Task statement:
Return an exact copy of the data, starting at its first line and ending at the line that contains "Светодиодный светильник с", minus any pictures.

╭─ Exercise data

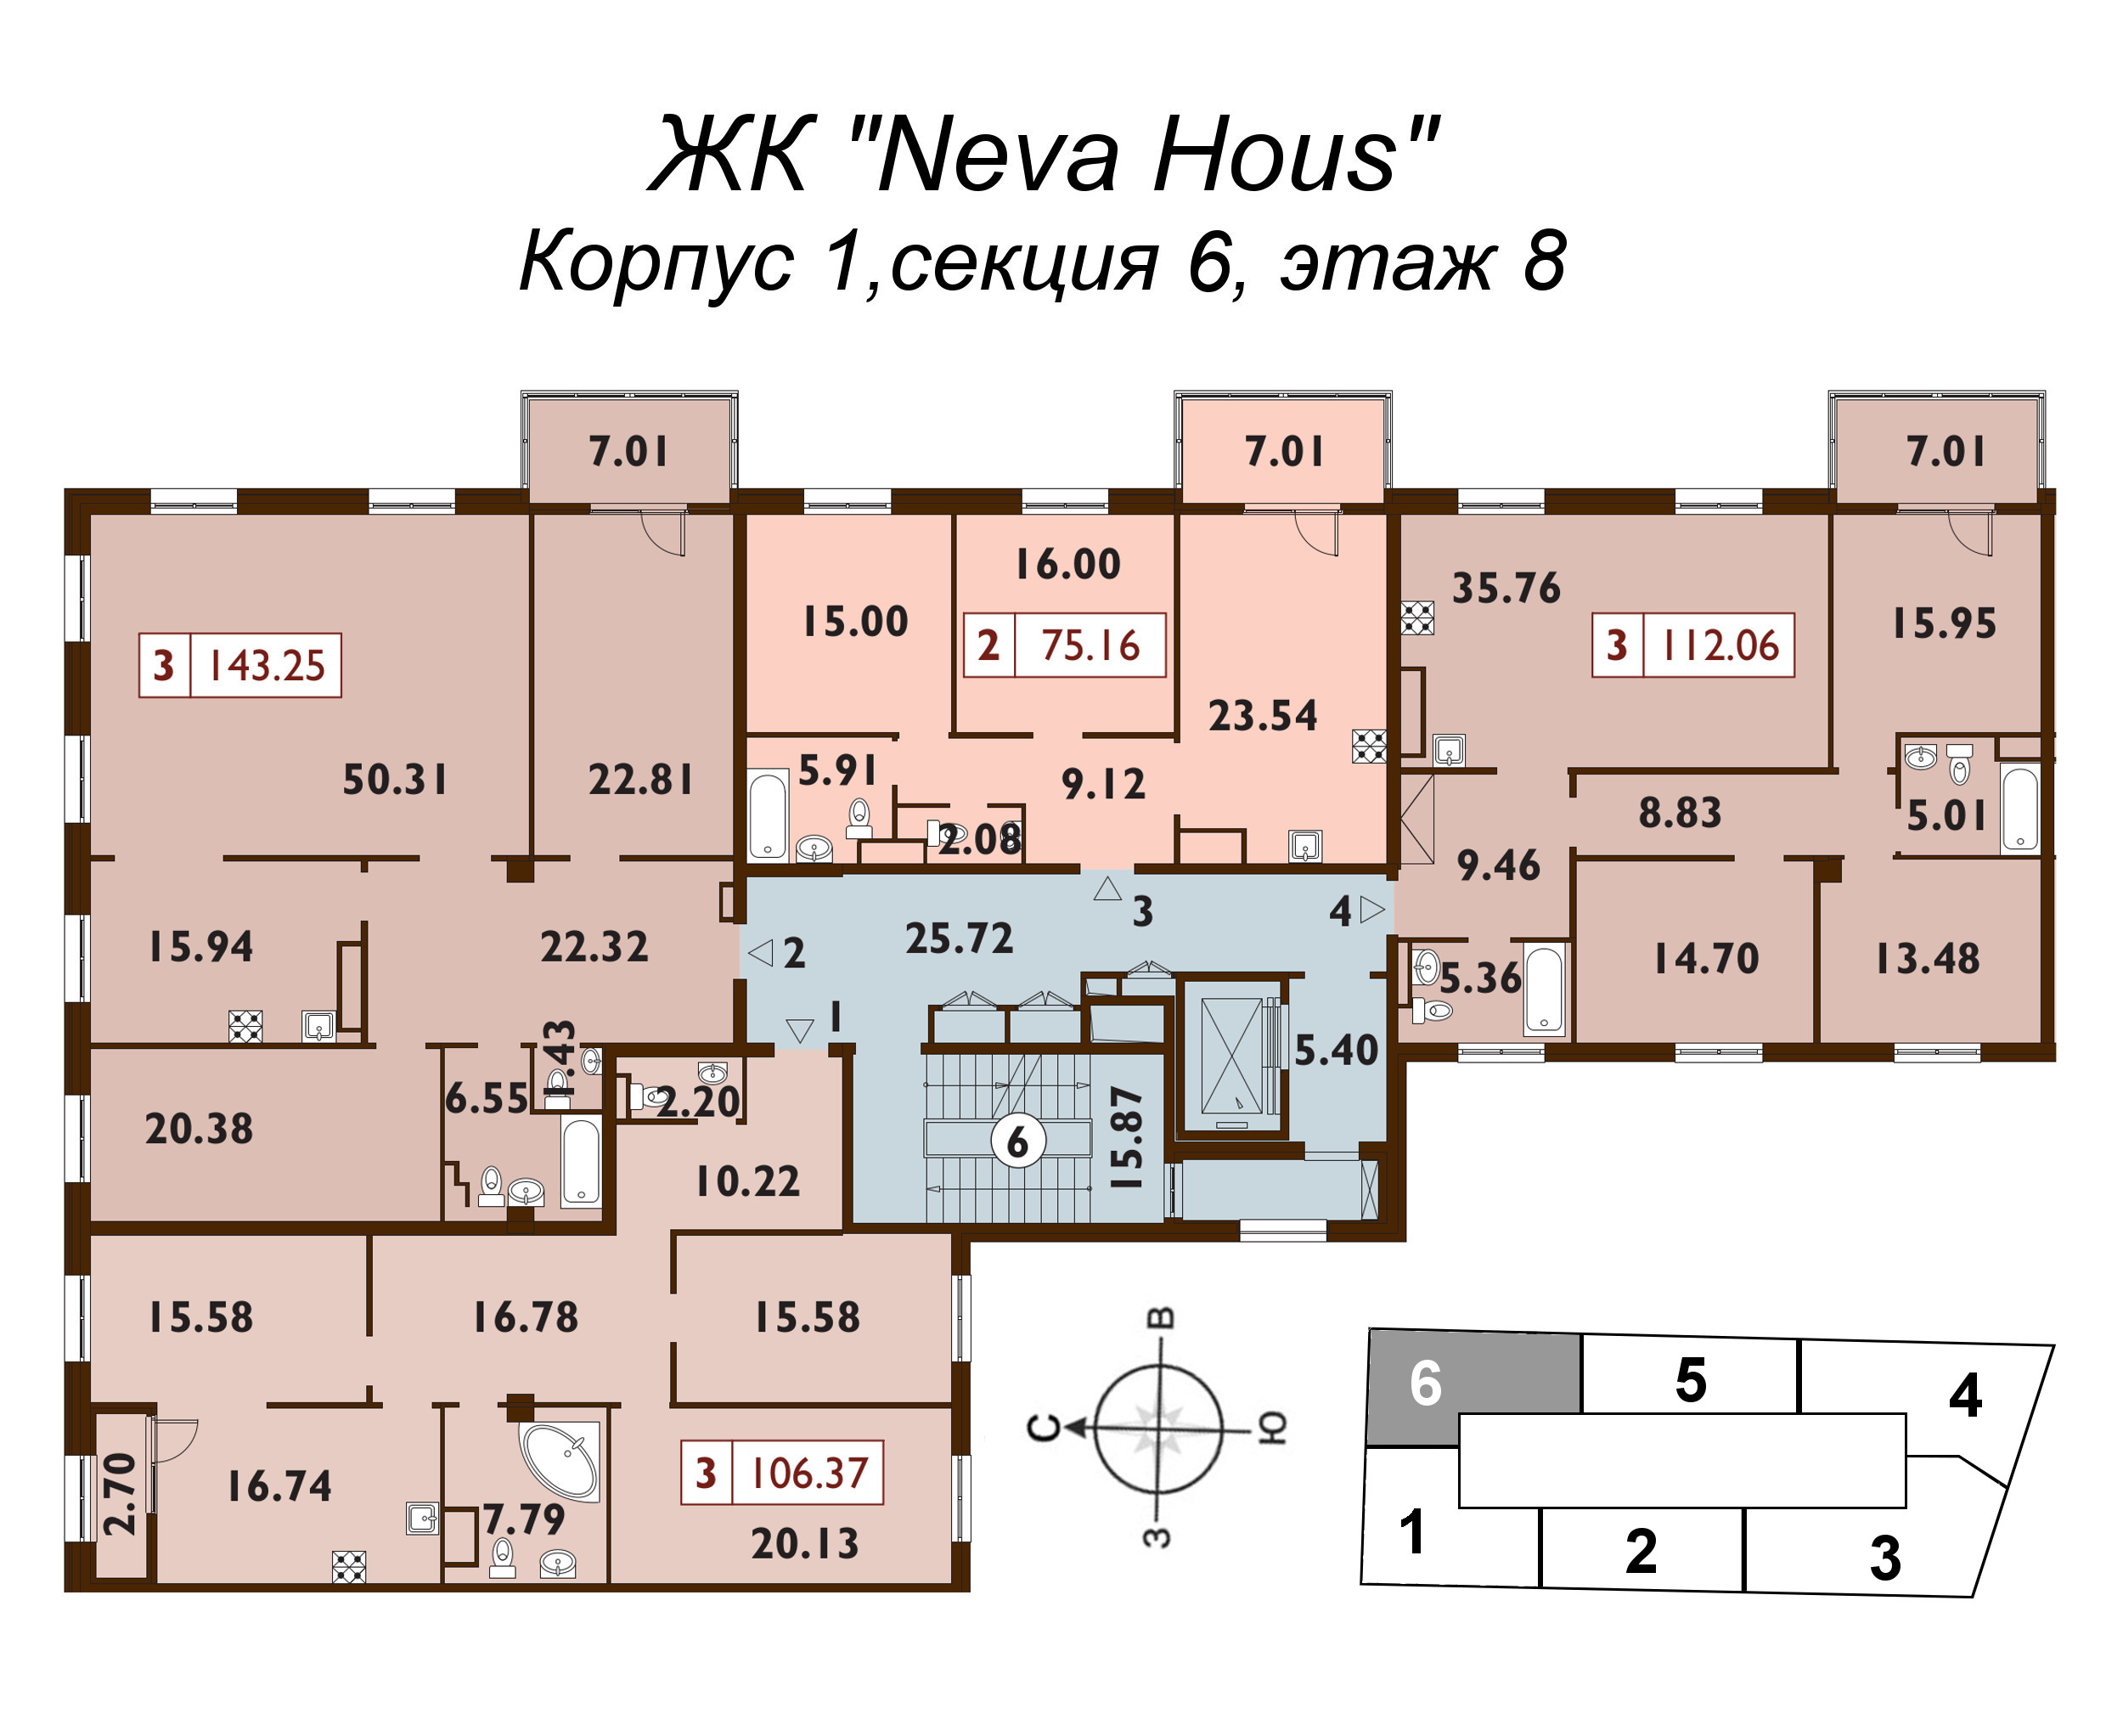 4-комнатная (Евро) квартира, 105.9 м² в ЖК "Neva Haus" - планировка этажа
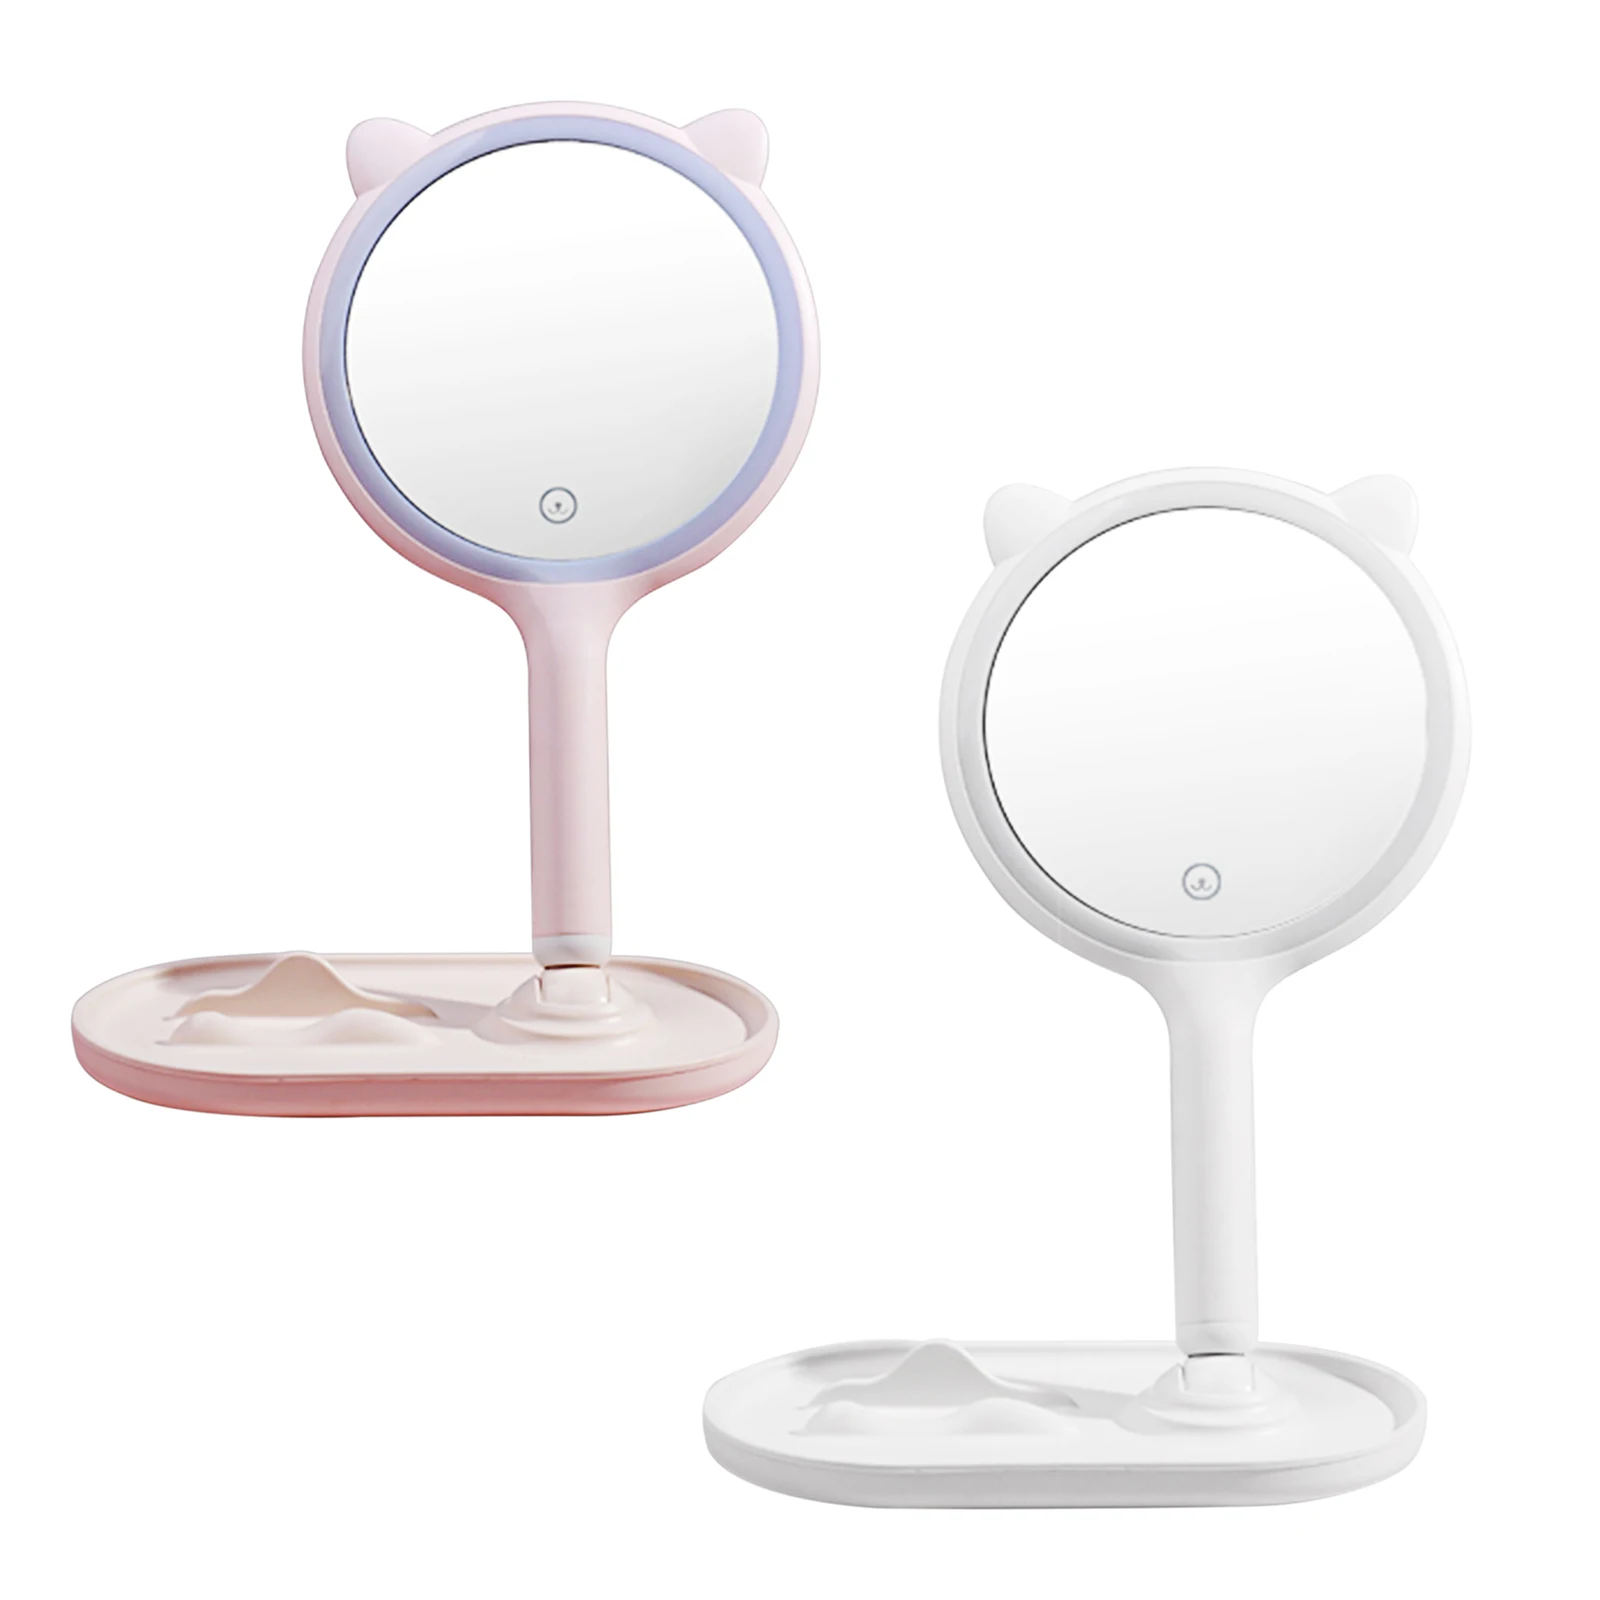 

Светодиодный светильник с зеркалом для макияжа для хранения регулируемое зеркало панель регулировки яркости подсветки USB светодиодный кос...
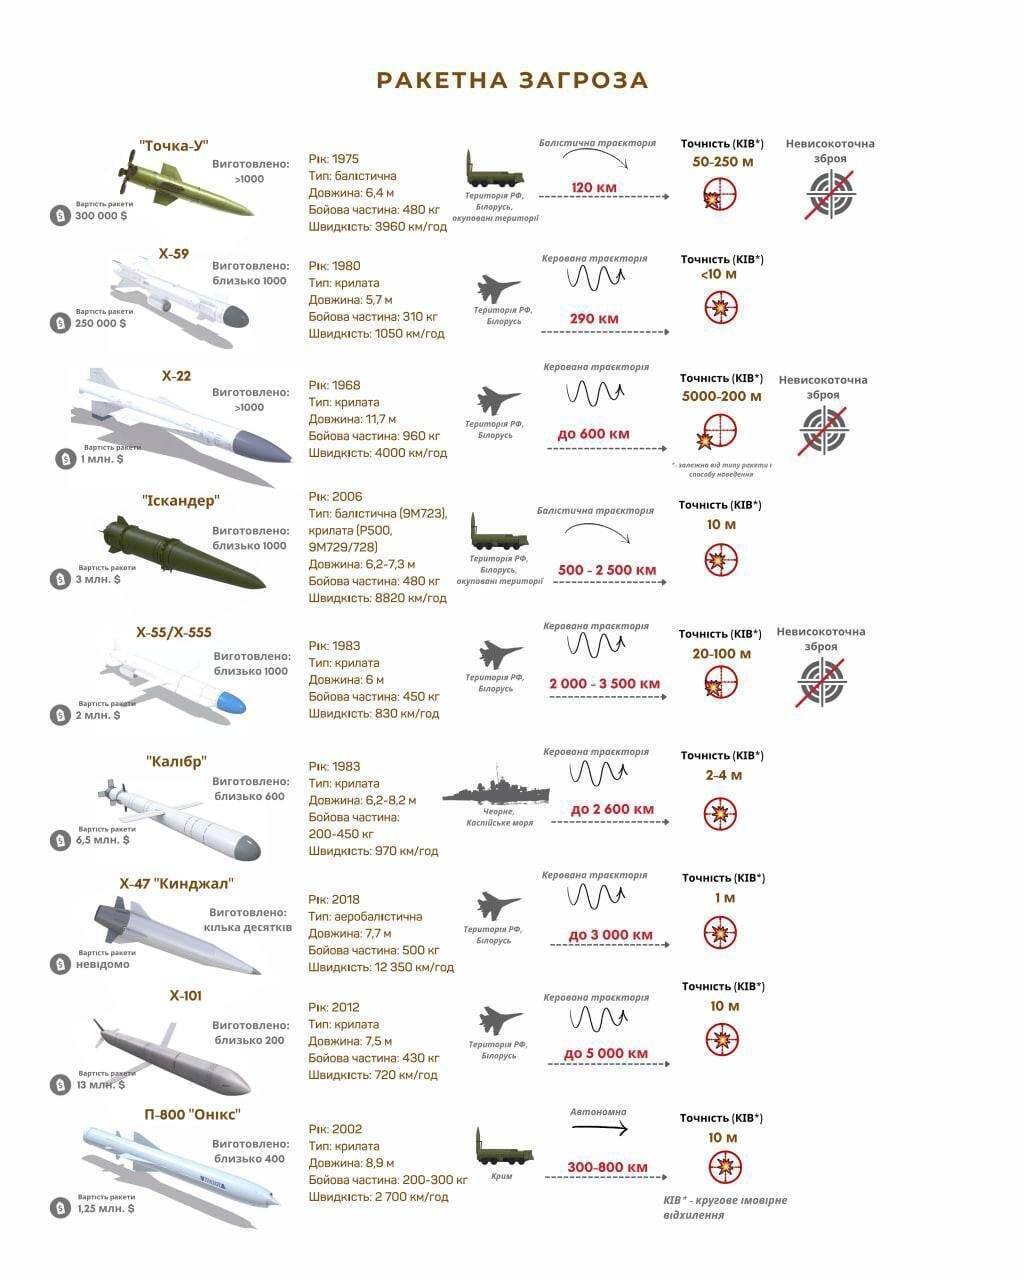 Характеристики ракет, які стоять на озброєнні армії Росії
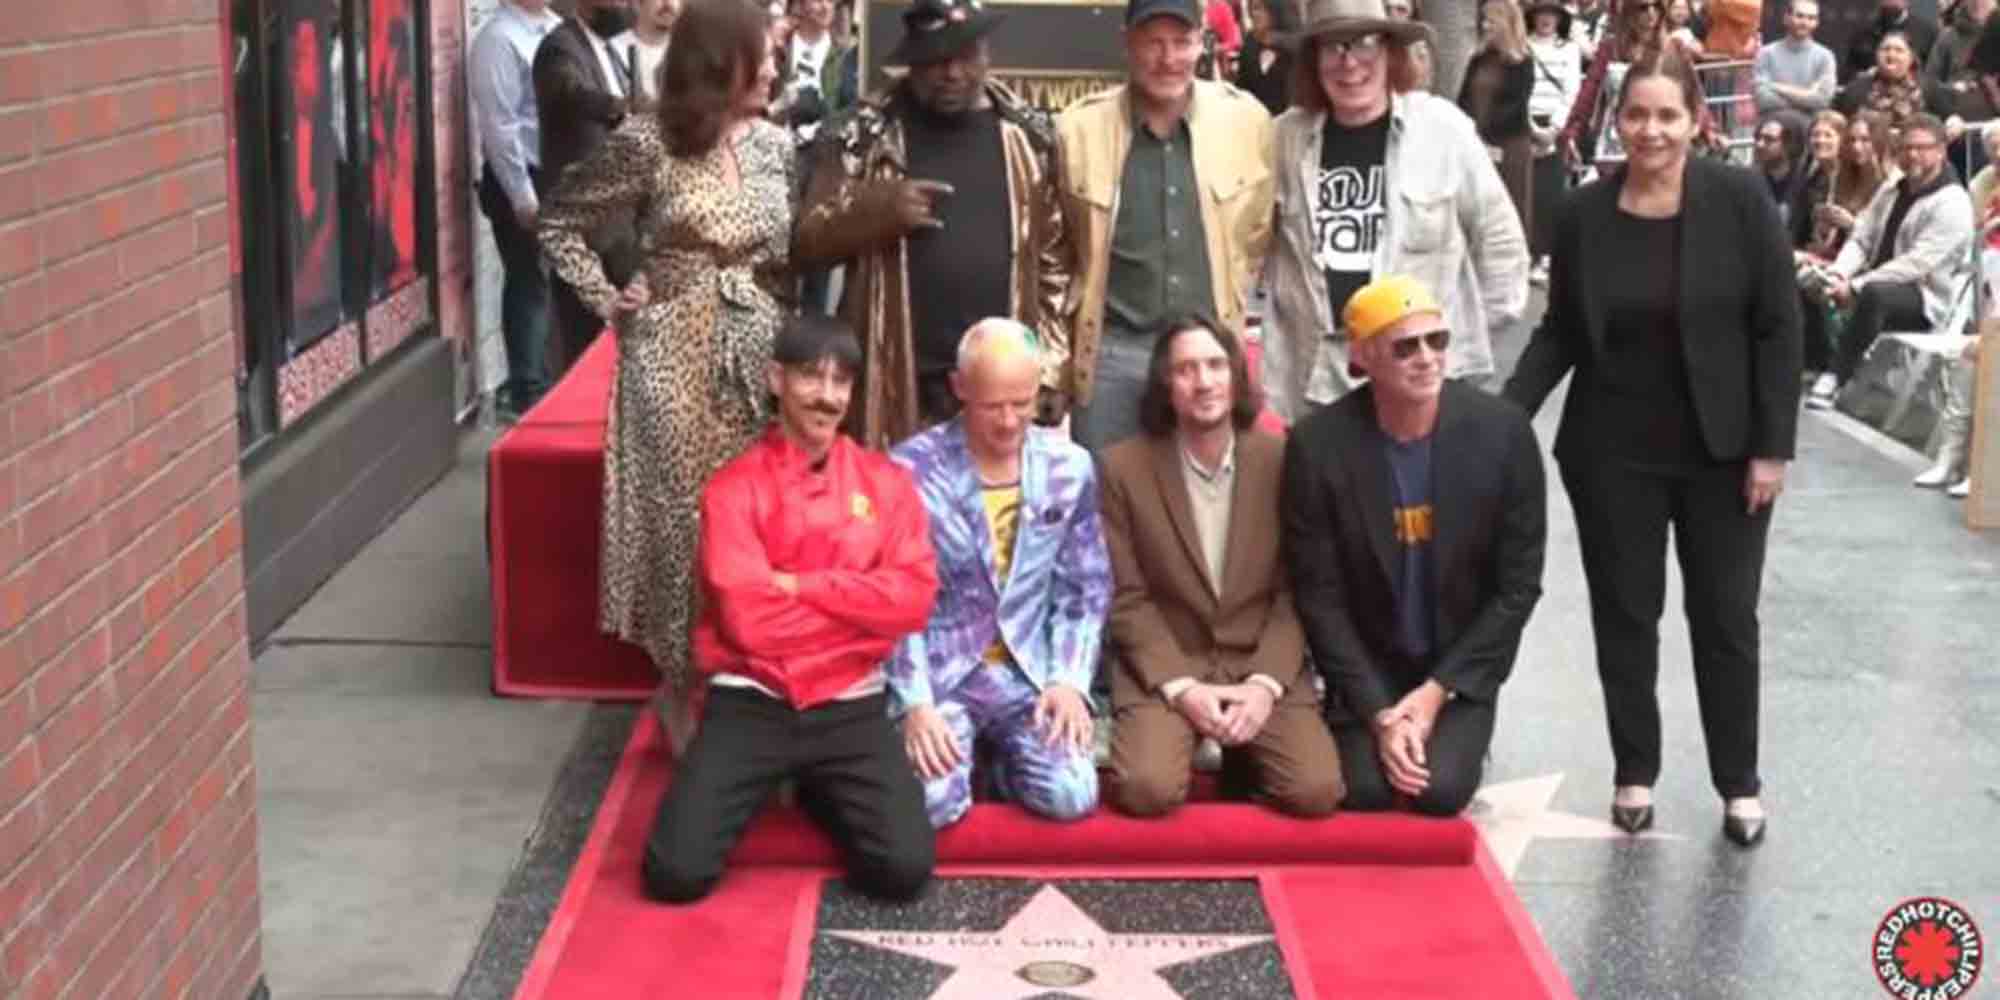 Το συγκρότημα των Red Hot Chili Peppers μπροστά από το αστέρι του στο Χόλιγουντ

╰─

Your response:
 4-комнатная (Евро) квартира, 105.9 м² в ЖК "Neva Haus" - планировка этажа

Светодиодный светильник с зеркалом для макияжа для хранения регулируемое зеркало панель регулировки яркости подсветки USB светодиодный кос...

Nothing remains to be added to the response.